I had my daughter two years after high school.  At this point I had obviously recognized some of my femininity, but not all of it. I am not sure I know now what it is all about, but I am learning.

My daughter is a whole package of things I am not, mixed in with a handful of things that are just like me. 
She is only in 8th grade and wears a pretty fair amount of makeup.  Not every day, but a good number of them.
She dresses to show off her femininity. She loves to match and show off her athletic & thin body.
She plays sports, and gets dirty, but she also takes care of her appearance even in uniform.
She never has a day where she looks like she hasn't tried to put her appearance together.
She squees at bugs and spiders.
She cries when she hurts.



But what astounds me most, is even as a dancer, a softball player, a theater tech kid, a choir singer, a track runner, an honors student, and an art aficionado, she still gets made fun of for being a girl.  Her cousins poke fun if she doesn't hit their 55 mph baseball; she can hit the hell out of a 60 mph softball. They tell her anyone can play softball when you swing a bat at a grapefruit.  Its just a ribbing. All in good fun, right?  We take it with a grain of salt, but what is so wrong with playing like a girl?  I know some fine female athletes!  Some are dear friend, while some of whom I have had the privilege of coaching for the last 2 years.  Not one of them makes me giggle or laugh at how girly they are or how they throw or how they catch.  It makes



When did "being a girl" become such a bad thing? And who is still teaching their children that women aren't as capable as men are?  Humanity wouldn't even be here if it weren't for our ability to create life inside of us.  Giving birth is one of the most incredible and painful feats the human body could ever experience, yet we are still considered weak. Is it because we nurture? Or because we are inherently kind?  I haven't figured it out.

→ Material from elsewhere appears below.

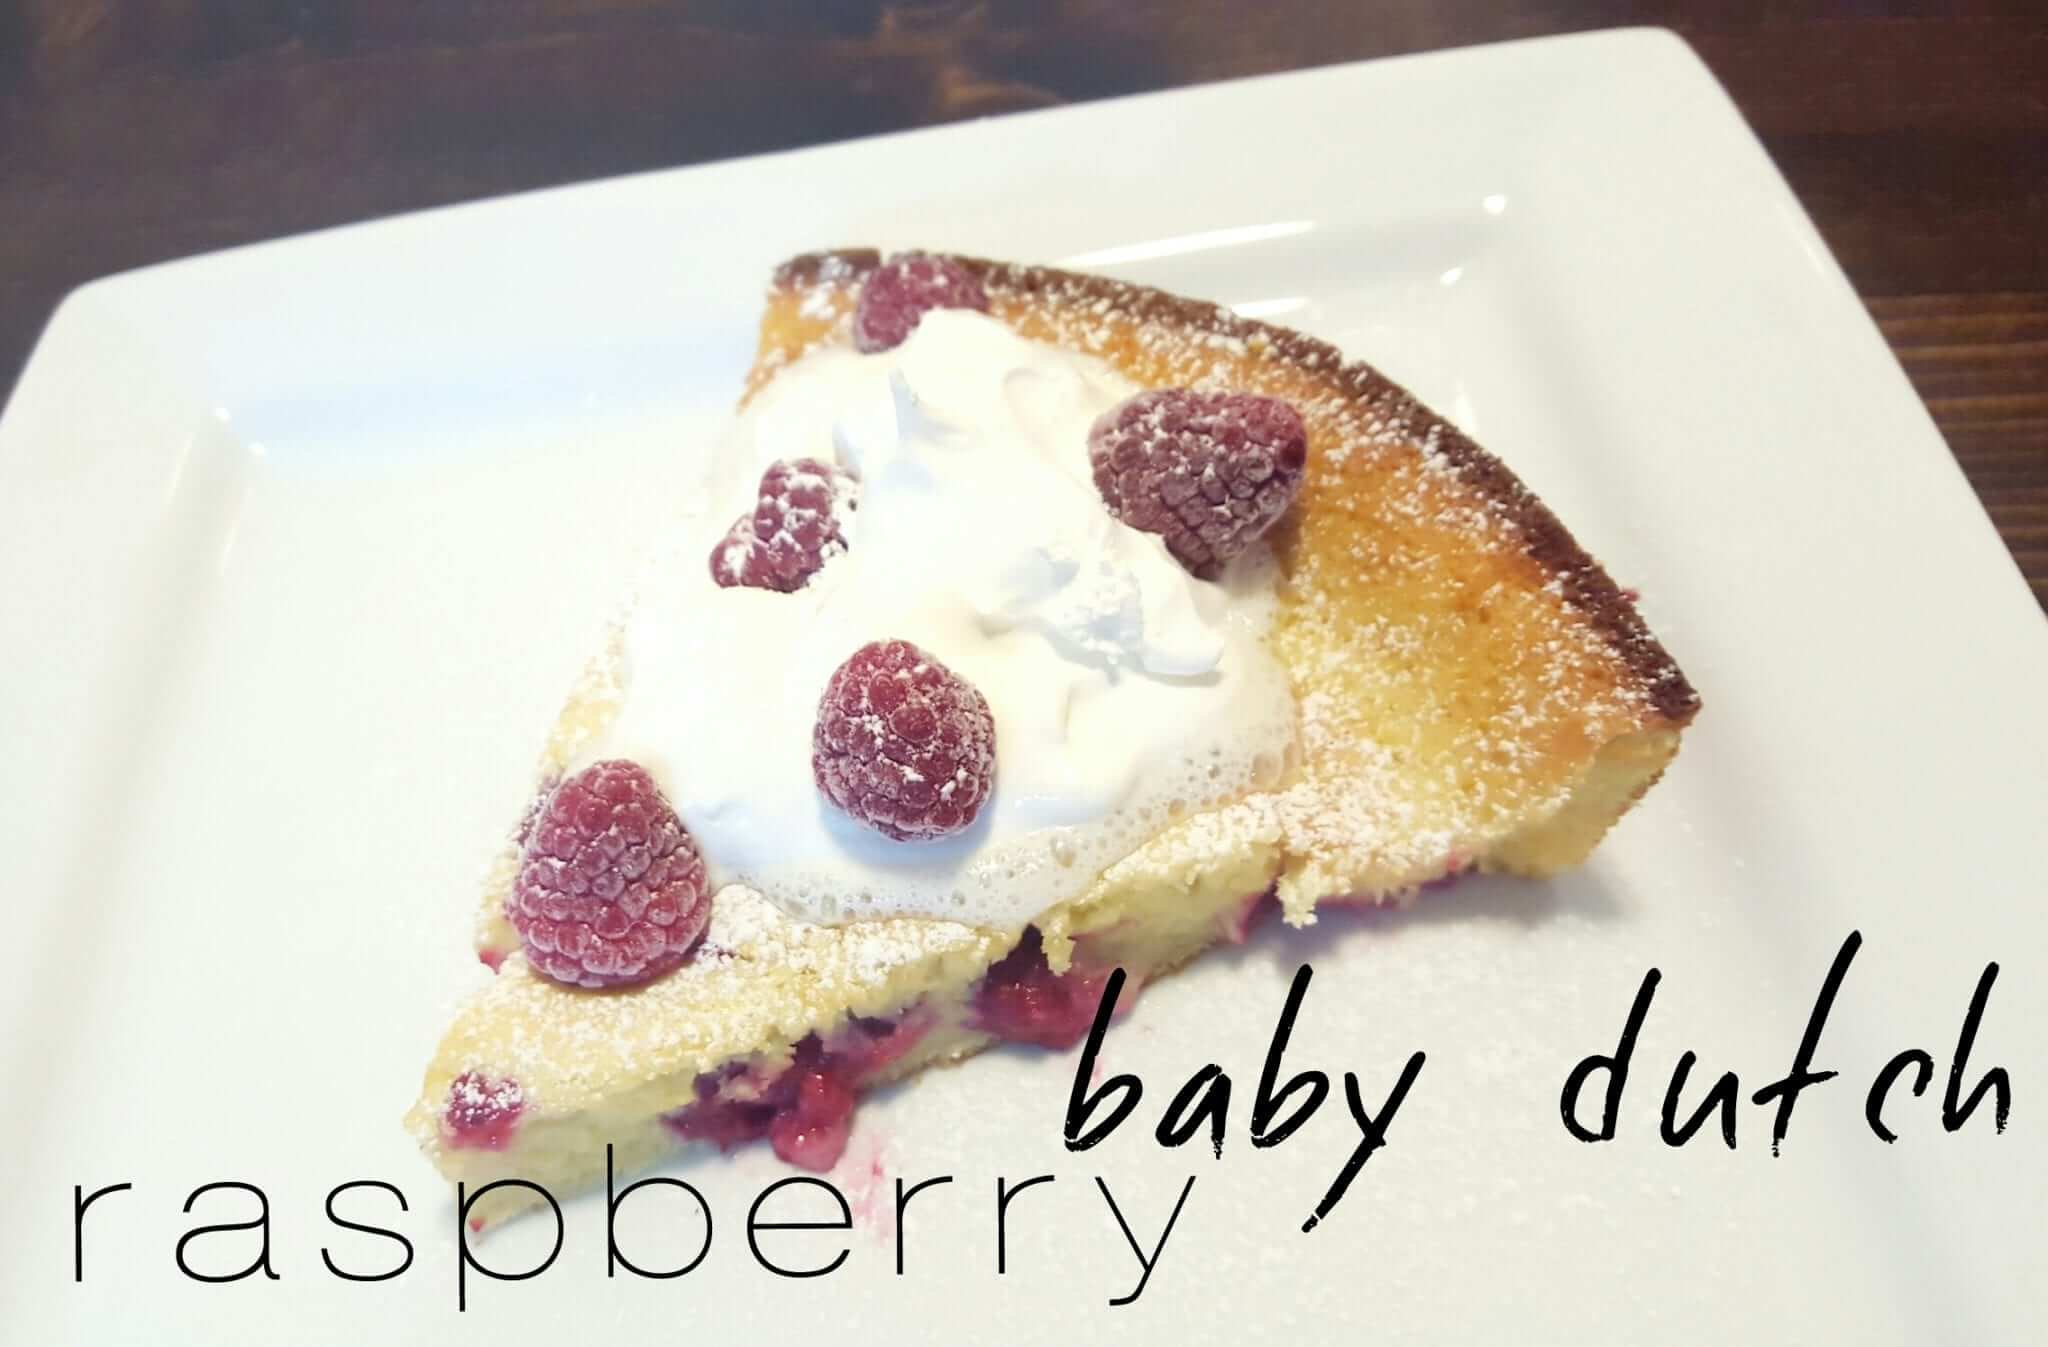 raspberry baby dutch

And then there is the way that women treat other women.  Judging their legging choices or hairstyles. Did you see her outfit today? or I cannot believe she would wear something like that!  When we should be commending bravery to take on bold style choices or complimenting her confidence instead of saying "What was she thinking?" or "She is way too fat to wear that!"  I work in an office filled with women who constantly cut each other for their style decisions and I find it sad that we are so concerned with other people's appearances.
But the 30, 40, and 50 year old women do not concern me even a fraction of as much as it concerns me when I hear teenagers doing to each other.  Most of the time, they aren't slamming other girls, but they are wishing they were thinner, or taller, or had so-and-so's legs, or what's-her-name's hair.  What they have been given isn't good enough for them. And I can't help but think it has so much to do with how we, their mothers, were conditioned as children.

Women should look a certain way. I have never looked that way.
Women should speak a certain way. I use expletives in most sentences.
Women should always sweet and nurturing. I am kind, but I am rarely sweet.
Women shouldn't be loud or vulgar.  I am not sure that I have been anything but loud since birth.
Women should raise the children. Can't we raise our children and be bread-winners?

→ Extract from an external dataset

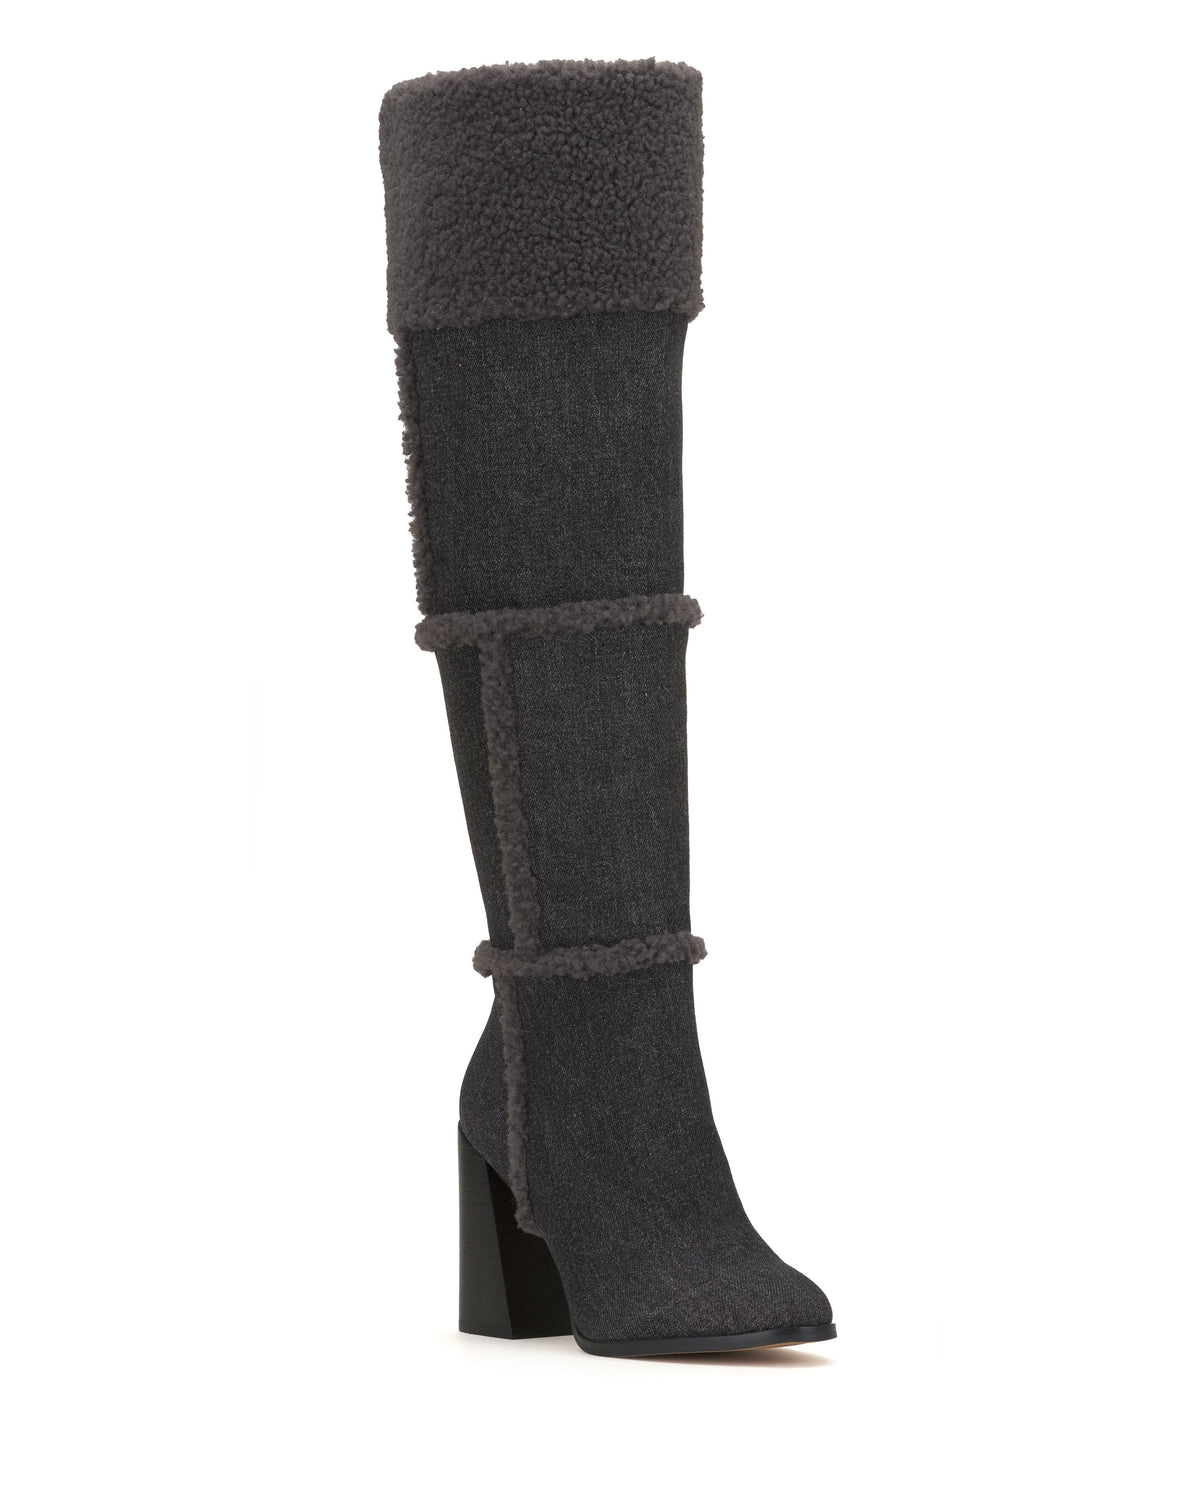 Jessica Simpson Rustina Knee High faux shearling denim grey boot

This random list of five "should" sentences are not even a fraction of the things women are expected to be.  We couldn't possibly live up to all of the world's expectations.  Especially when majority of the population over 60 years old, comes from an era where women were inferior to men - on the ball field, in the workplace, and especially at home.

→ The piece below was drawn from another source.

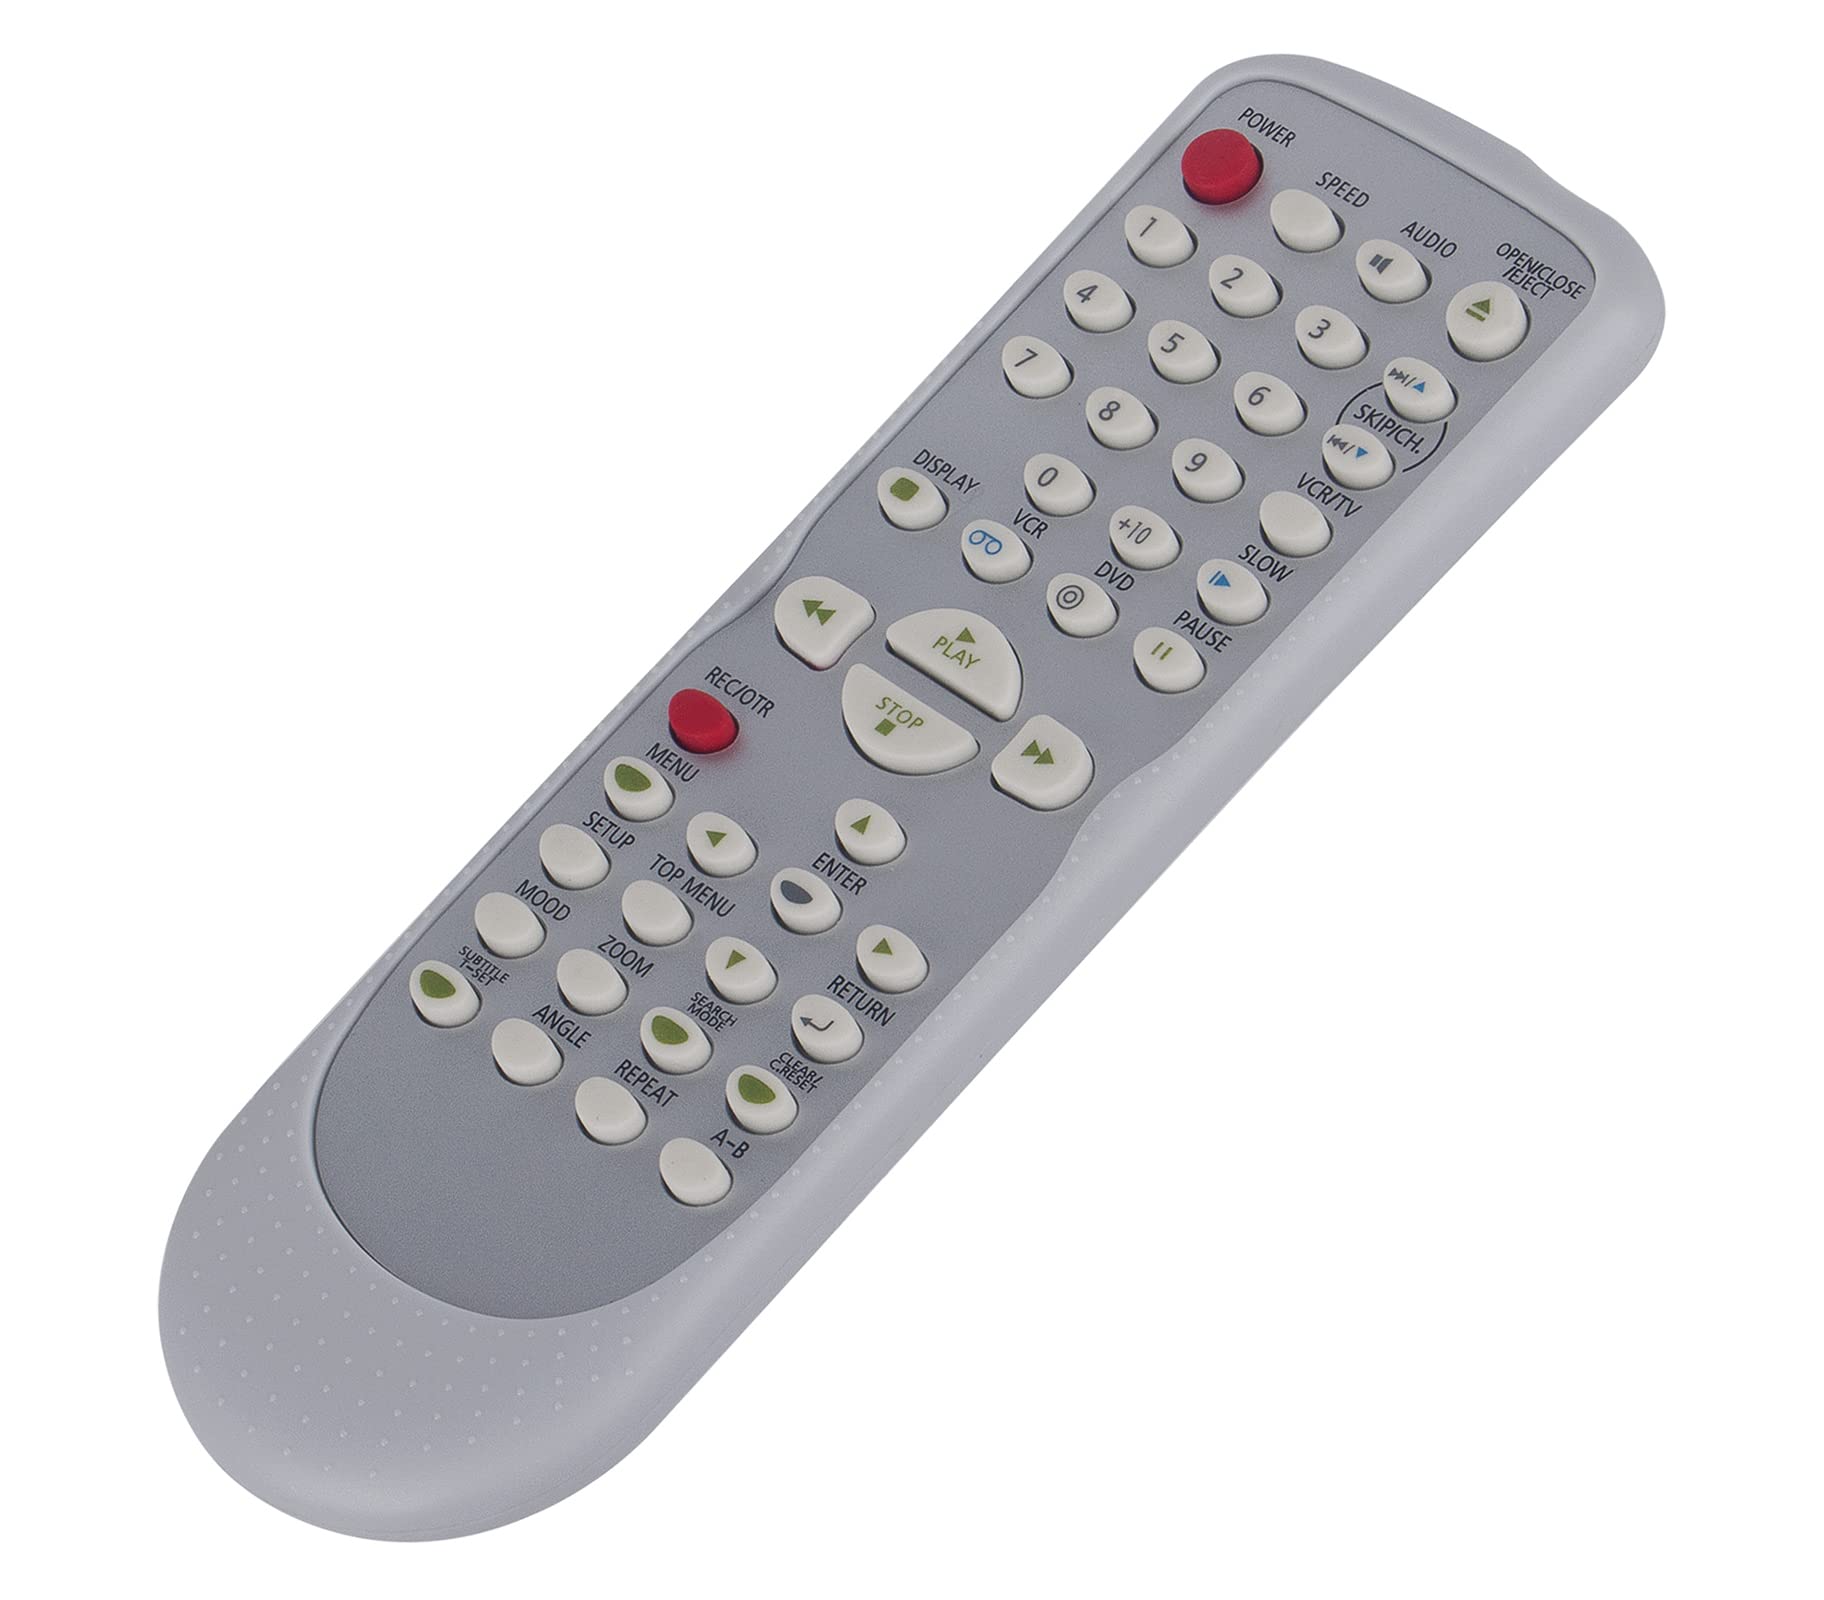 NB177 New Replacement Remote Control fit for SYLVANIA Emerson Funai DVD VCR DVC841G EDVC860F DVC840F DVC840G

Everywhere I turn my friends and family are saying to stop judging for religion, stop judging for sexuality, stop judging for political decisions, but then we all judge each other on things like a hairdo or a cleavage-y top or ugly sneakers as if those decisions are the ones which define us; they are not.


If it doesn't affect you waking up each day, being successful, providing for your family, bettering yourself, the health and welfare of your family, and going to bed each night, then please, by all means, shut up.